There’s nothing earthshaking about bumping into a clump of undocumented Mexican border crossers down in this part of the world. More than a thousand a day, almost half a million a year, continue to elude the personnel and machinery of an ever-beefier U.S. Border Patrol as they enter this zone immediately south of Tucson.

What was remarkable is that we ran into this particular group barely a two-minute drive from the just-constructed, 15-foot-high multimillion-dollar fence that is a showcase of the Bush administration’s vaunted Secure Border Initiative. The same wall that both parties in Congress have recently embraced as the answer to stemming illegal immigration. Moreover, the group we found — right off the main road leading from the official U.S. port of entry at Sasabe — was but a few clicks away from one of the nine highly touted prototype electronic-surveillance towers that the U.S. government paid the Boeing Company $20 million to build along a 28-mile run of the border.

In other words, the small group of migrants we spoke to had not only just jumped the newest section of the government’s physical fence, they had also dodged the high-tech “virtual fence,” loaded with the latest gadgets and software.

“We got over the fence with a rope,” said the migrant who had flagged us down. “It took about two minutes and we were over.”

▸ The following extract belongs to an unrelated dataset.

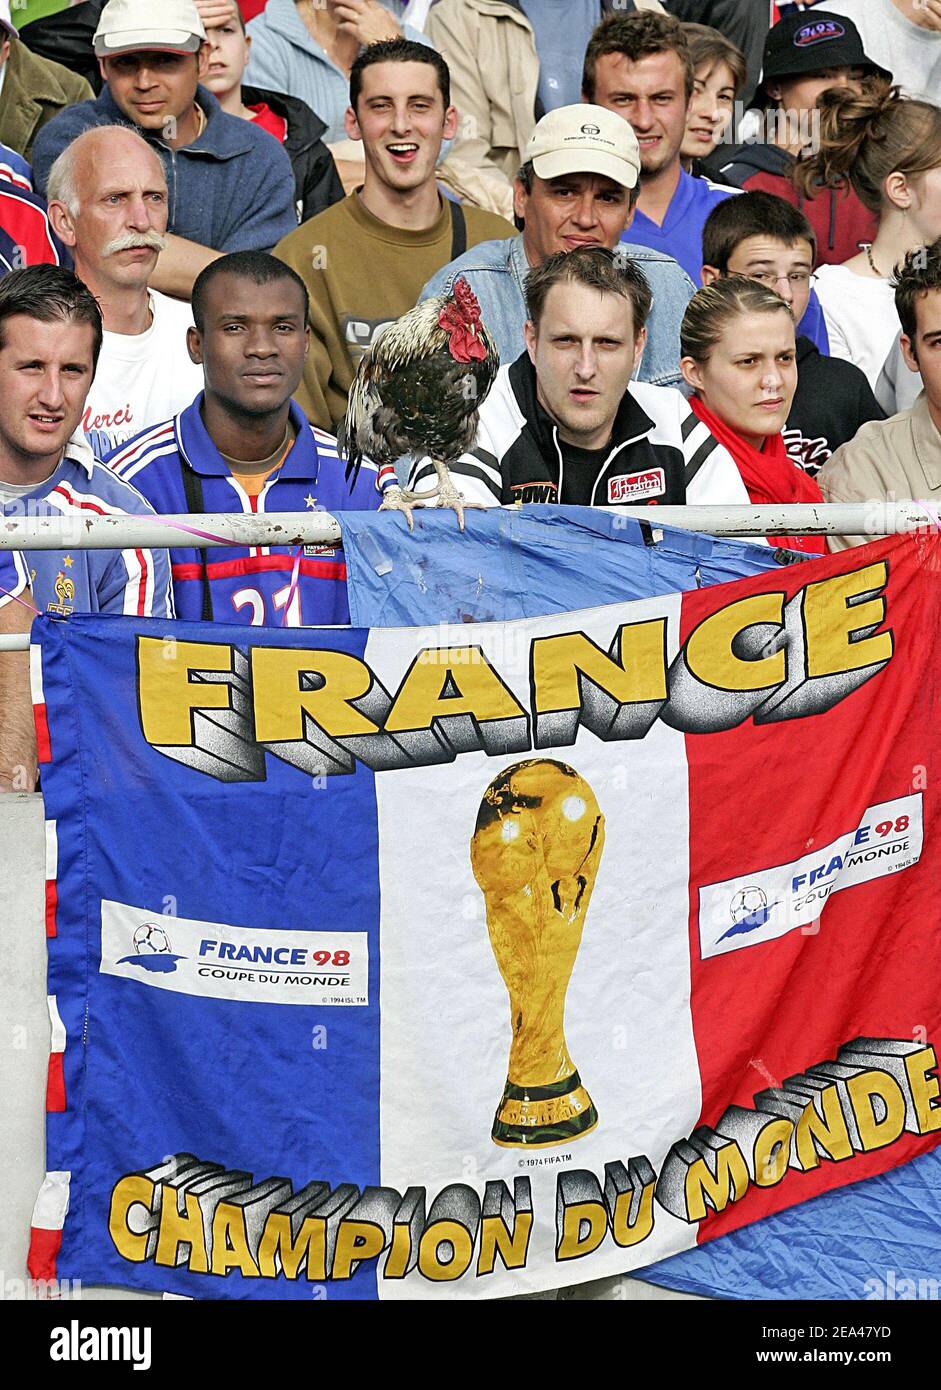 Supporters during a charity soccer match between France's 1998 World Champion team and Toulouse to benefit the association 'Connaitre les syndromes cerebelleux' (Knowing the cerebellar syndroms') and the AZF plant disaster victims, at Toulouse Stadium, southwestern France, on May 30, 2005. Photo by Patrick Bernard/ABACA Stock Photo

I have no doubt that this man was telling the truth. In fact, the very same notion occurred to me a half-hour earlier, when our group of reporters was given a close-up look at the new 7-mile stretch of fence running through Sasabe. Instead of the rusting plates of corrugated and Swiss-cheesed Vietnam War–era steel that constitutes the older patches of the 300 miles of southern border wall, the new fencing is built of individual steel posts, about 6 inches in diameter, mounted about 8 inches apart. You can’t climb it. You can’t cut through it. But someone, for some reason, decided that near the top of these parallel posts there should run a horizontal crossbar. Not only does the bar reinforce the entire structure, it also provides the perfect device over which to loop a rope and defeat the barrier.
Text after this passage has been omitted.